Linkage information from unphased VCF files
2
1
Entering edit mode
7.6 years ago
Rubal ▴ 340

Hello Everyone,

I am looking for the best way to get linkage information from unphased whole genome population data. I have a vcf file with multiple individuals from different populations. The data is unphased but I would like to detect regions with an excess of linkage disequilibrium as a measure of positive selection. I have not phased the data because I have a limited number of individuals per population of a non-model species and therefore worry that phasing will be very inaccurate.
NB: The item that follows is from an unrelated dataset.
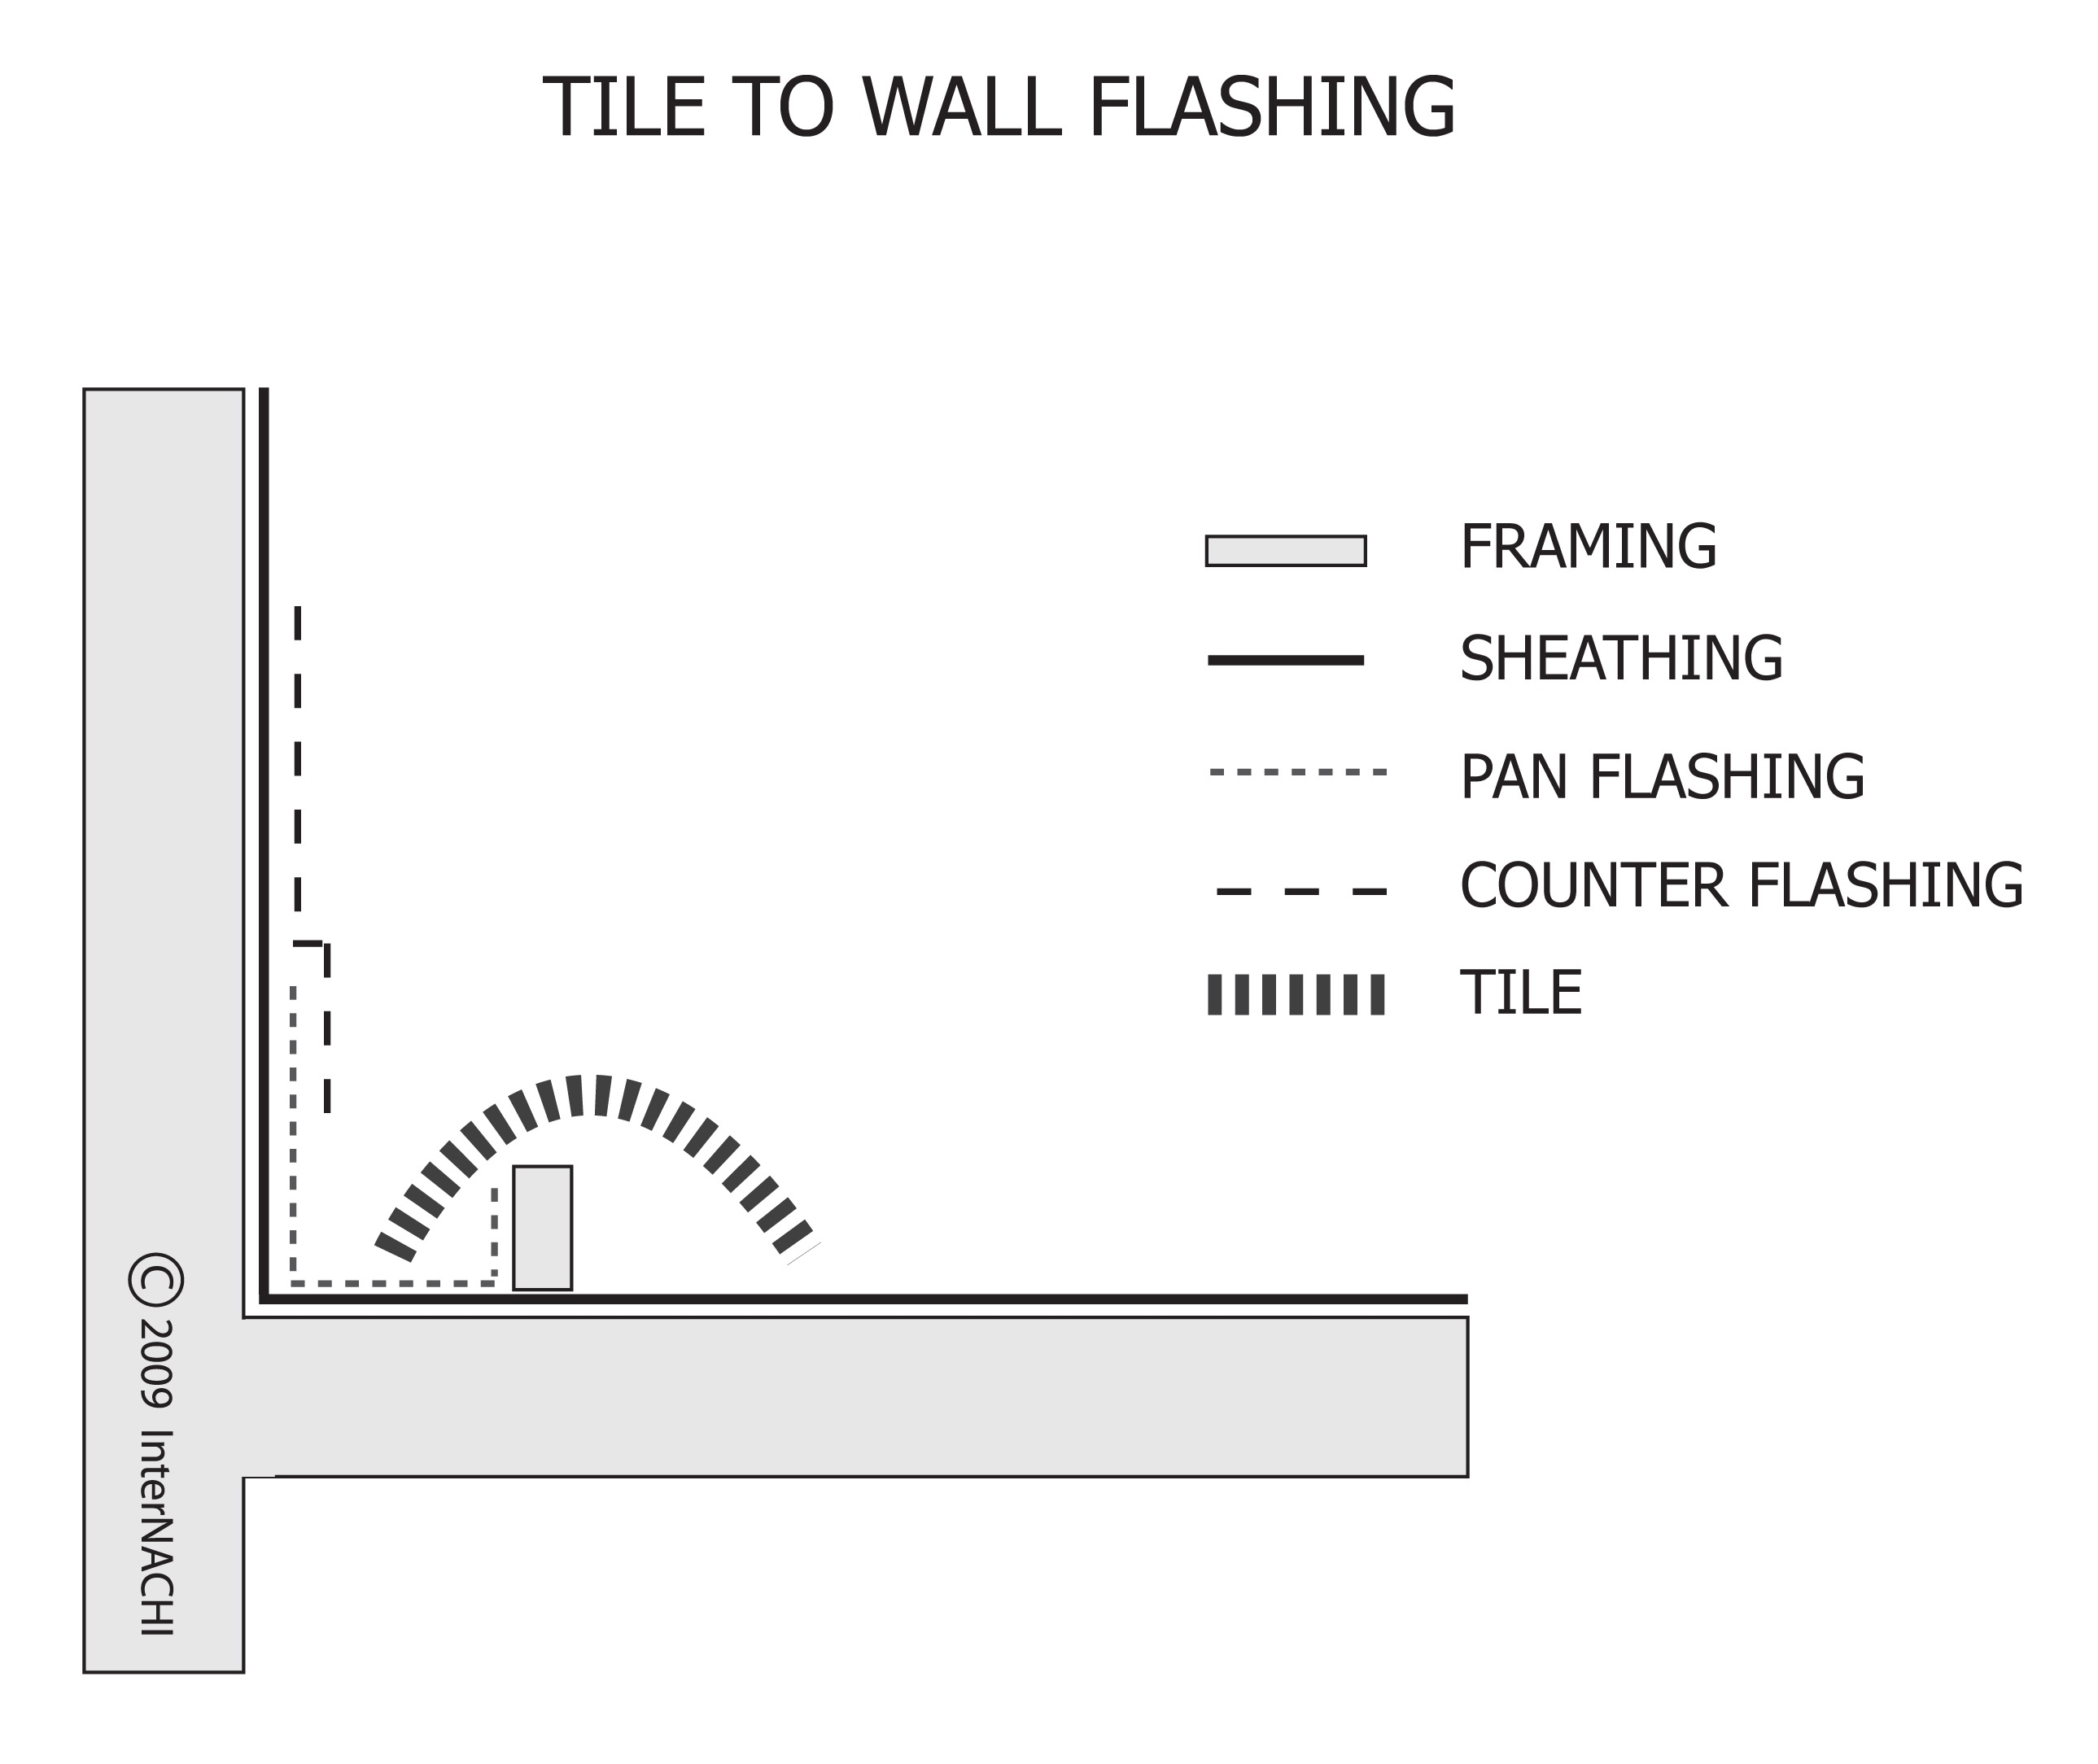 Tile to wall flashing.

What do people think would be the best way to detect regions with high levels of linkage disequilibrium? I was thinking something like VCFtools --geno-r2 option might be suitable.

Best regards,
Rubal

next-gen vcf genome • 4.5k views
3
Entering edit mode
7.6 years ago

The --geno-r2 option in vcftools should be enough for your needs; however, you can not calculate linkage disequilibrium if your data is not phased. If you were studying human individuals, I would suggest you to impute more genotypes by merging it with the 1000 Genomes data, but if you say that you are working with a non-model organism, this is not an option. Is there a close model organism that you can use to impute data?

3
Entering edit mode
7.6 years ago

Giovanni M Dall'Olio is correct, it is advisable to phase the variants. In the off chance that you are interested in haplotype decay I have a tool that takes an un-phased VCF files, phases it and then calculates XP-EHH. I'm also working on a version for LD.
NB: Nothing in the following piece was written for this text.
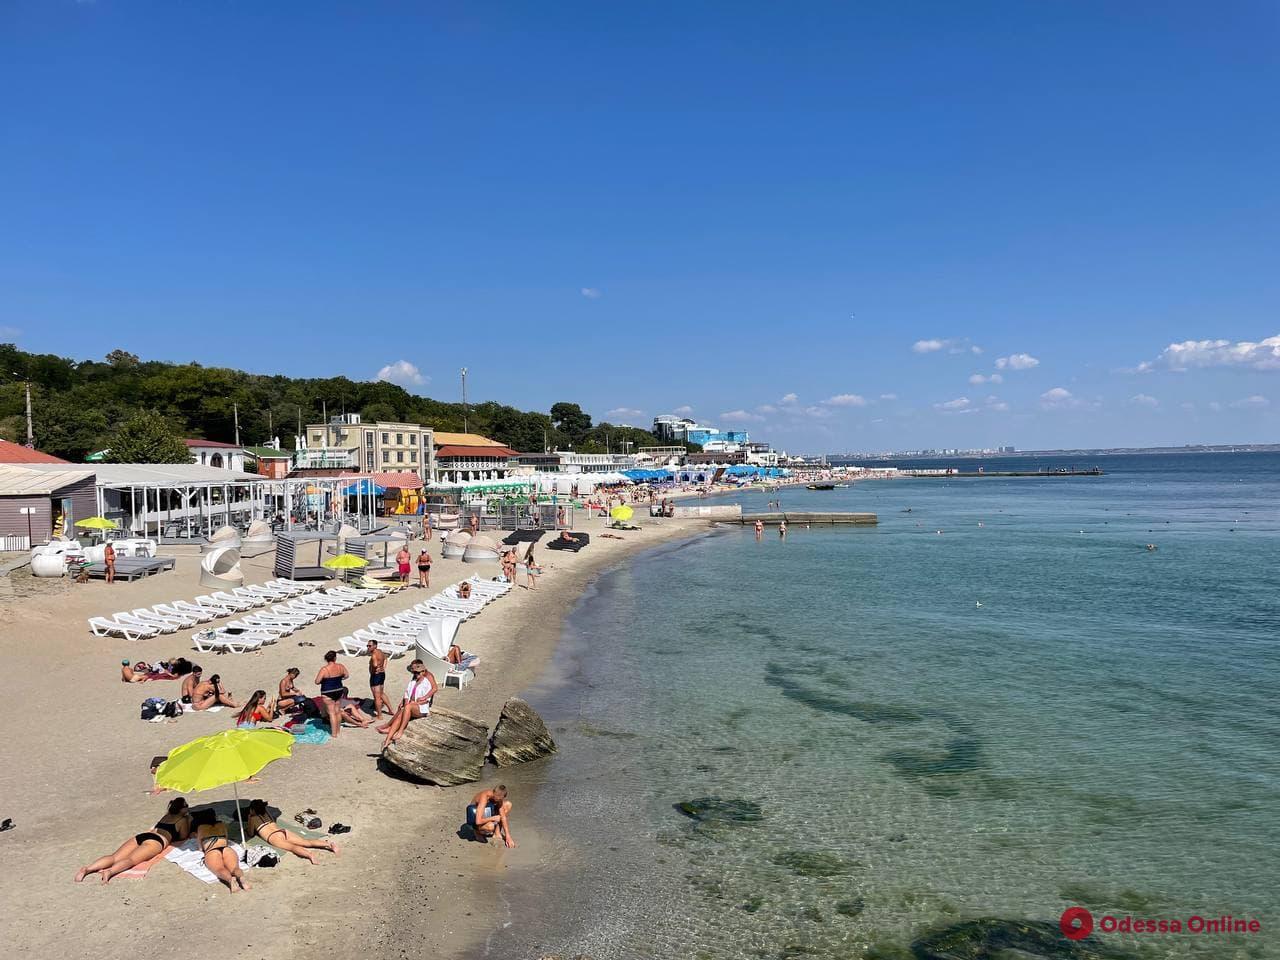 Синоптики дали прогноз погоды в Одессе на завтра

https://github.com/jewmanchue/vcflib/wiki/Haplotype-Decay

0
Entering edit mode

That sounds like a promising tool I will give it a go. It mentions that it will give slightly different results each time due to the stochastic search. Would you recommend a multiple iterations approach? Also is there an option for specifying window sizes, or would you do post-hoc averaging of scores across sites for windows? Thanks very much

0
Entering edit mode

Running it several times will allow you to generate a confidence interval around the XP-EHH score. Window size is determined by the number of SNPs required for EHH to decay to 0.05 and isn't specified by the user.